(DATA TO EXAMINE):
▶
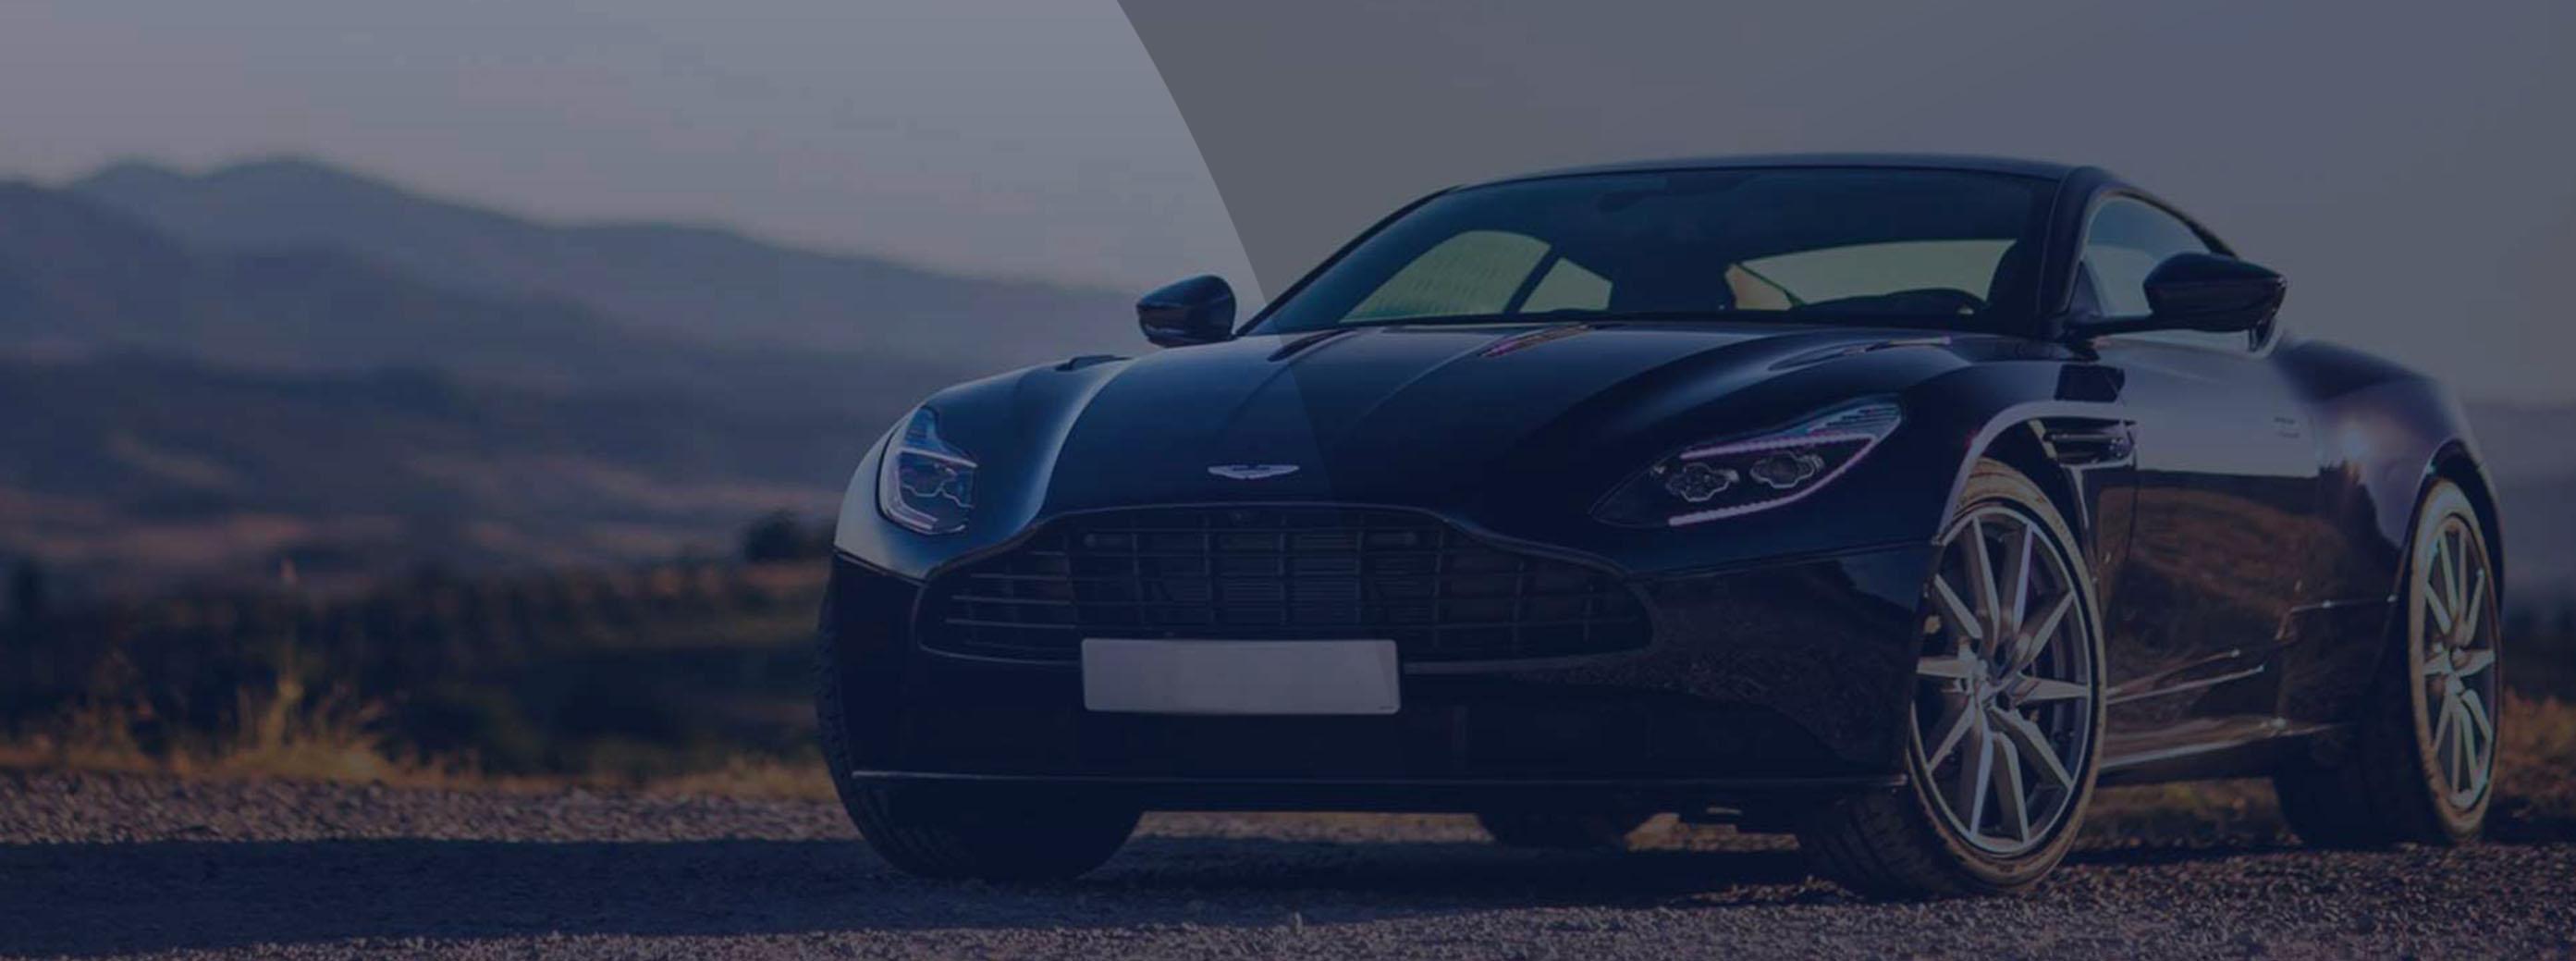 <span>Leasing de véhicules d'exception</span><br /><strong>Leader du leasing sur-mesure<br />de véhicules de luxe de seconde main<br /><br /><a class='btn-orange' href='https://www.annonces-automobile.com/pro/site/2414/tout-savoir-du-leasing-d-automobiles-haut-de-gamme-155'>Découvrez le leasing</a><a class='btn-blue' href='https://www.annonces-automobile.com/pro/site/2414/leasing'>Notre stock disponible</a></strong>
◀
▶
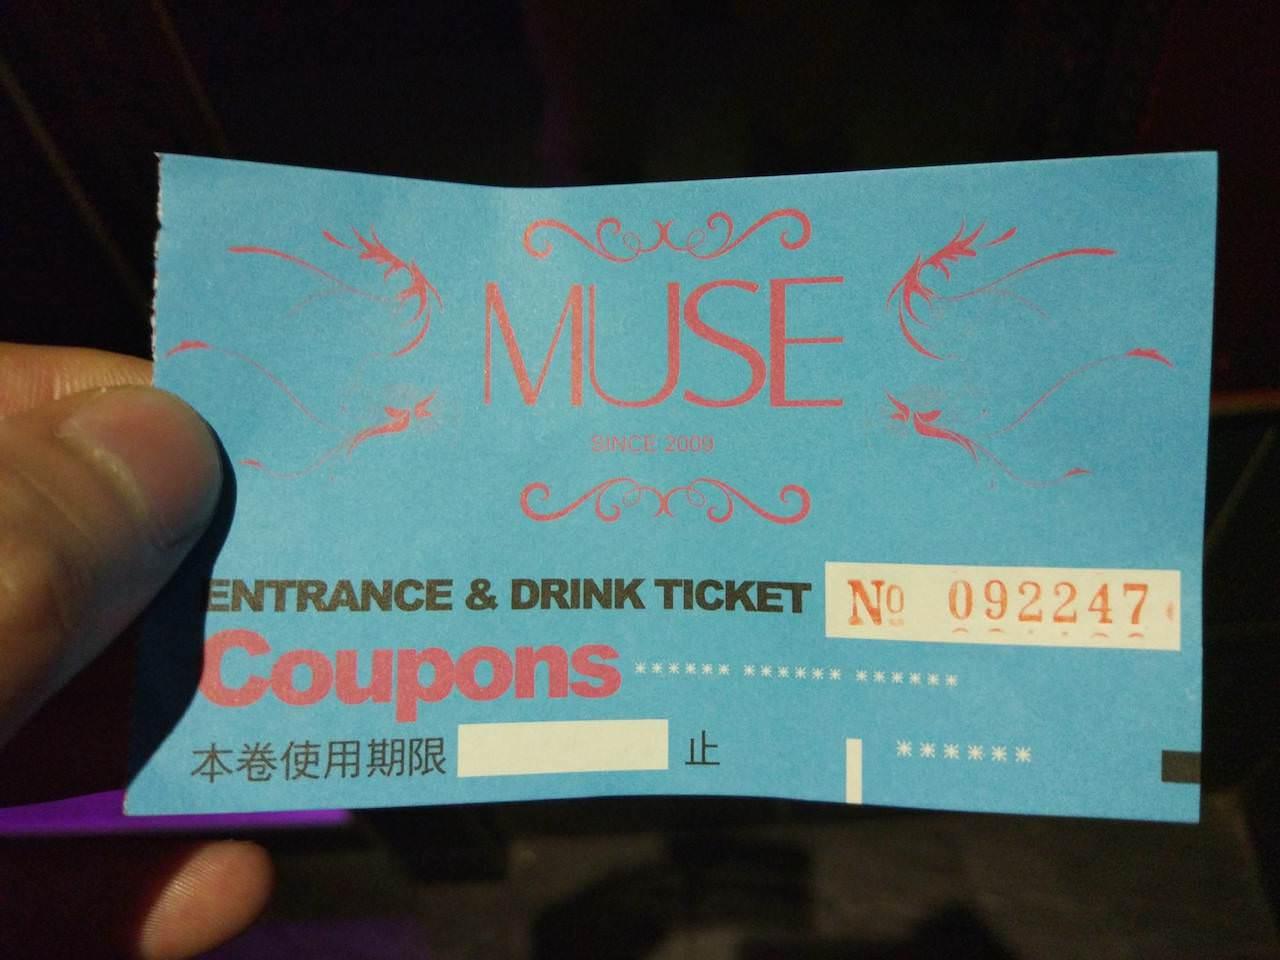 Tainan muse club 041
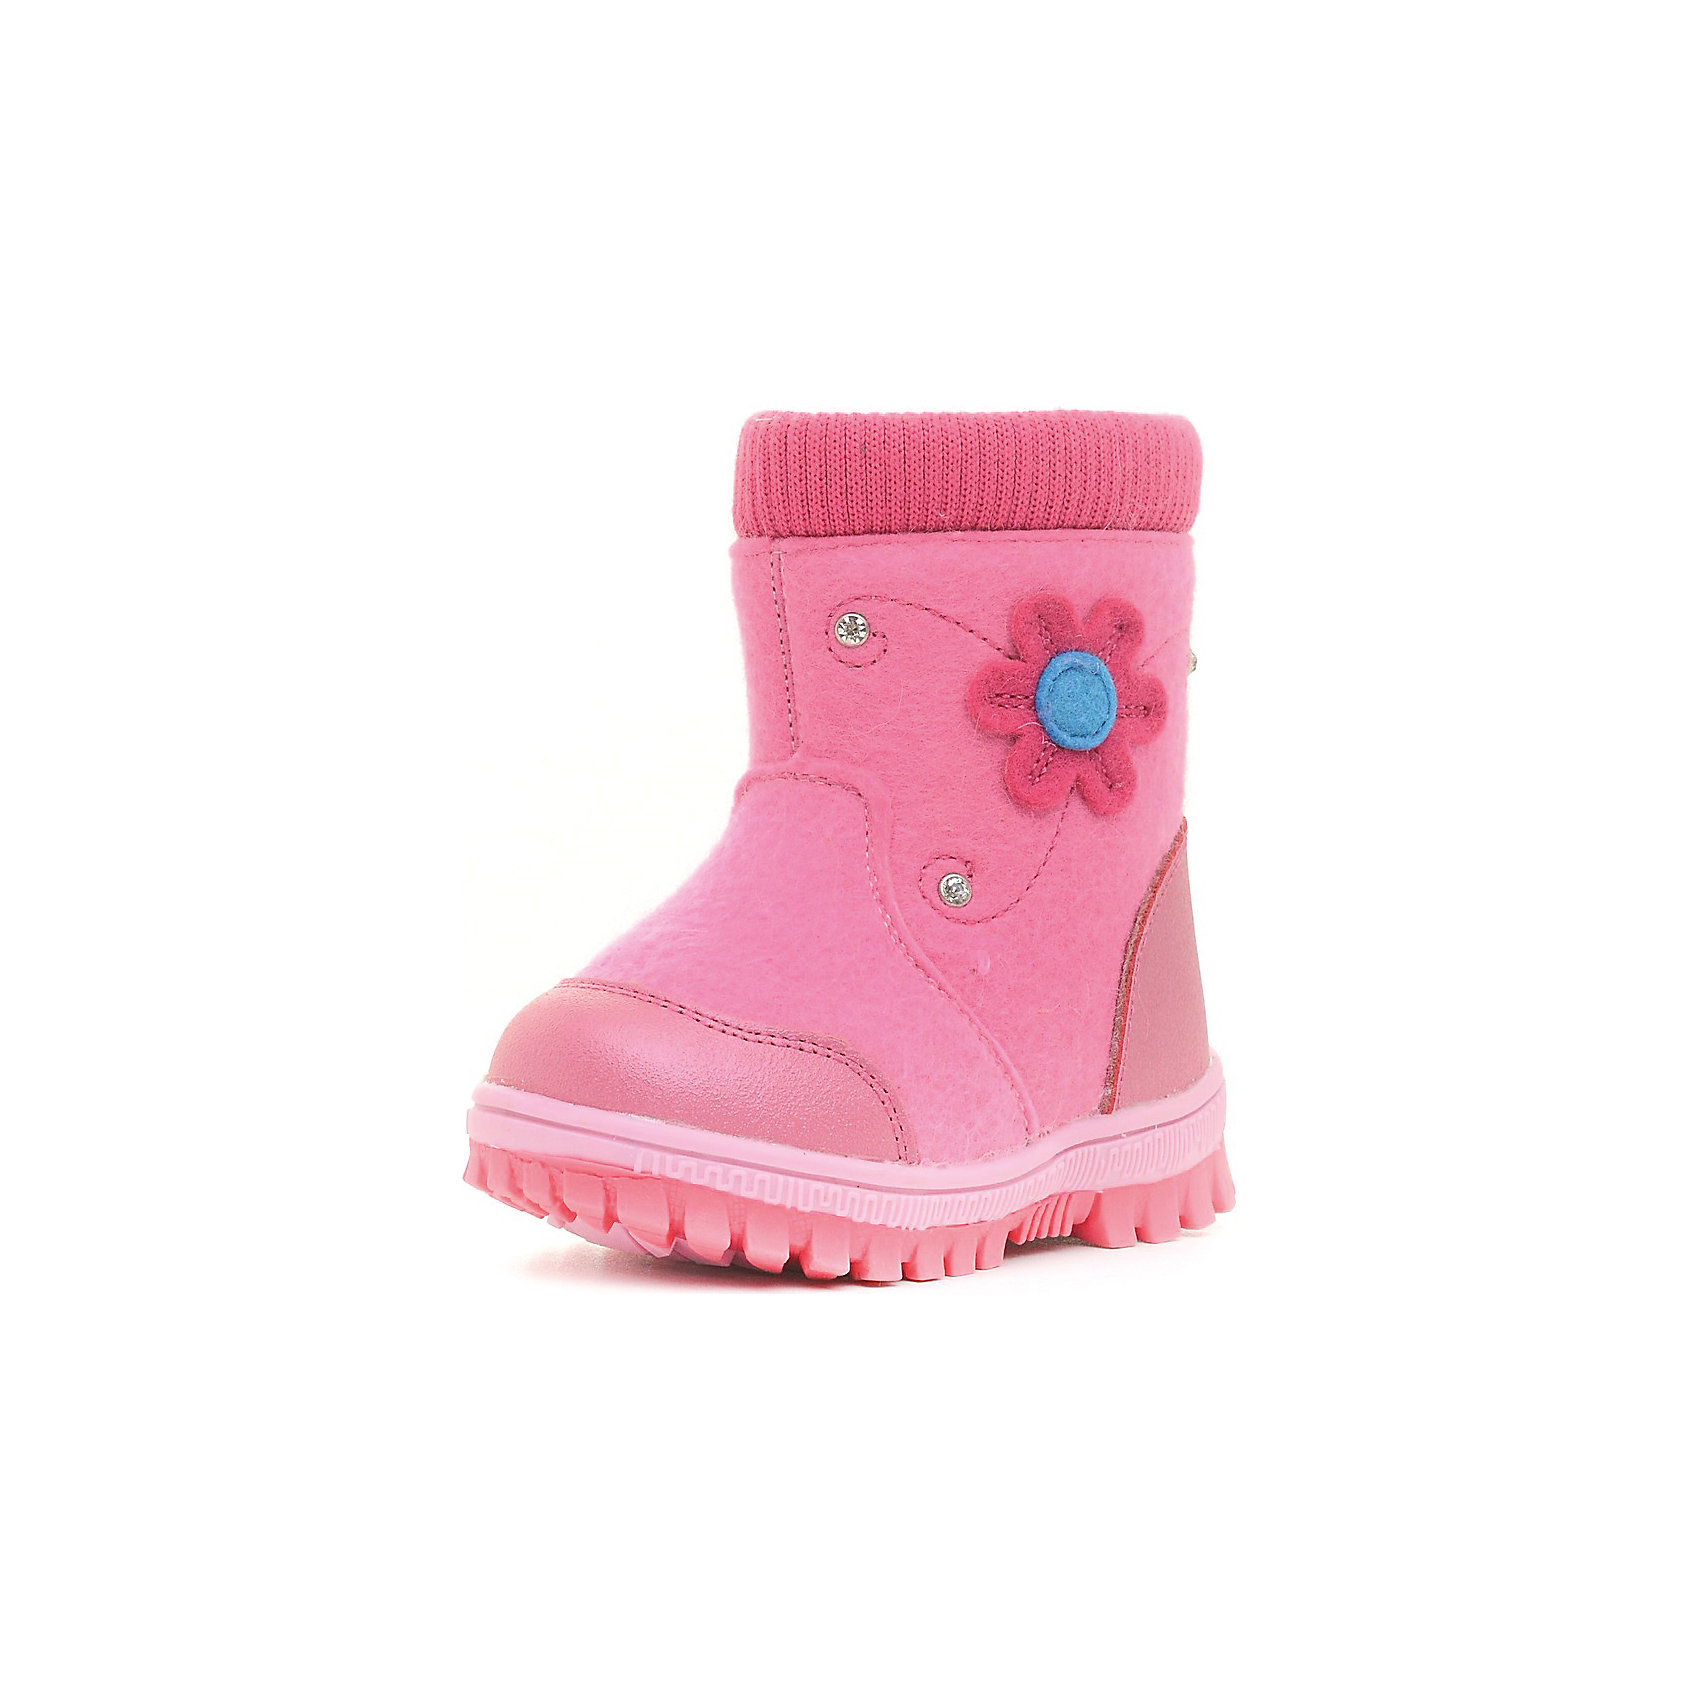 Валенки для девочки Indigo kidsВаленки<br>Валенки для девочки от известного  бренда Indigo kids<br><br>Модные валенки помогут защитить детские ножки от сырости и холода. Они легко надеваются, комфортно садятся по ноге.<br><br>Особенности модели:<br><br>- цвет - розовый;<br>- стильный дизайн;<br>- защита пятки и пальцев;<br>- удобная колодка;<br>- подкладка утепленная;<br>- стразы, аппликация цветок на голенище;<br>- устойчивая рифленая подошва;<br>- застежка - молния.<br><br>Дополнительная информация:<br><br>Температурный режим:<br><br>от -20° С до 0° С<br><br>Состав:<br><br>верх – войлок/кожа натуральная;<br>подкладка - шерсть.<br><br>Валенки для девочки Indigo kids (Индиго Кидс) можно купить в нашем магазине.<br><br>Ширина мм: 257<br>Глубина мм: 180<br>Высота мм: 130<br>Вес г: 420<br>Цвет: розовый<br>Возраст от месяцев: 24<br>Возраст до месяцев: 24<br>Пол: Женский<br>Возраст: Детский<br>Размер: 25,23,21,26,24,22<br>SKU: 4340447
◀
(PROBLEM DESCRIPTION): Though the entries above contain pictures, none should be copied; reproduce only the lines between the one holding "Tainan muse club 041" and the one holding "Валенки для девочки Indigo kidsВаленки<br>Валенки", inclusive, exactly as written.

(REPLY TO THE EXERCISE):
 Tainan muse club 041
 Валенки для девочки Indigo kidsВаленки<br>Валенки для девочки от известного  бренда Indigo kids<br><br>Модные валенки помогут защитить детские ножки от сырости и холода. Они легко надеваются, комфортно садятся по ноге.<br><br>Особенности модели:<br><br>- цвет - розовый;<br>- стильный дизайн;<br>- защита пятки и пальцев;<br>- удобная колодка;<br>- подкладка утепленная;<br>- стразы, аппликация цветок на голенище;<br>- устойчивая рифленая подошва;<br>- застежка - молния.<br><br>Дополнительная информация:<br><br>Температурный режим:<br><br>от -20° С до 0° С<br><br>Состав:<br><br>верх – войлок/кожа натуральная;<br>подкладка - шерсть.<br><br>Валенки для девочки Indigo kids (Индиго Кидс) можно купить в нашем магазине.<br><br>Ширина мм: 257<br>Глубина мм: 180<br>Высота мм: 130<br>Вес г: 420<br>Цвет: розовый<br>Возраст от месяцев: 24<br>Возраст до месяцев: 24<br>Пол: Женский<br>Возраст: Детский<br>Размер: 25,23,21,26,24,22<br>SKU: 4340447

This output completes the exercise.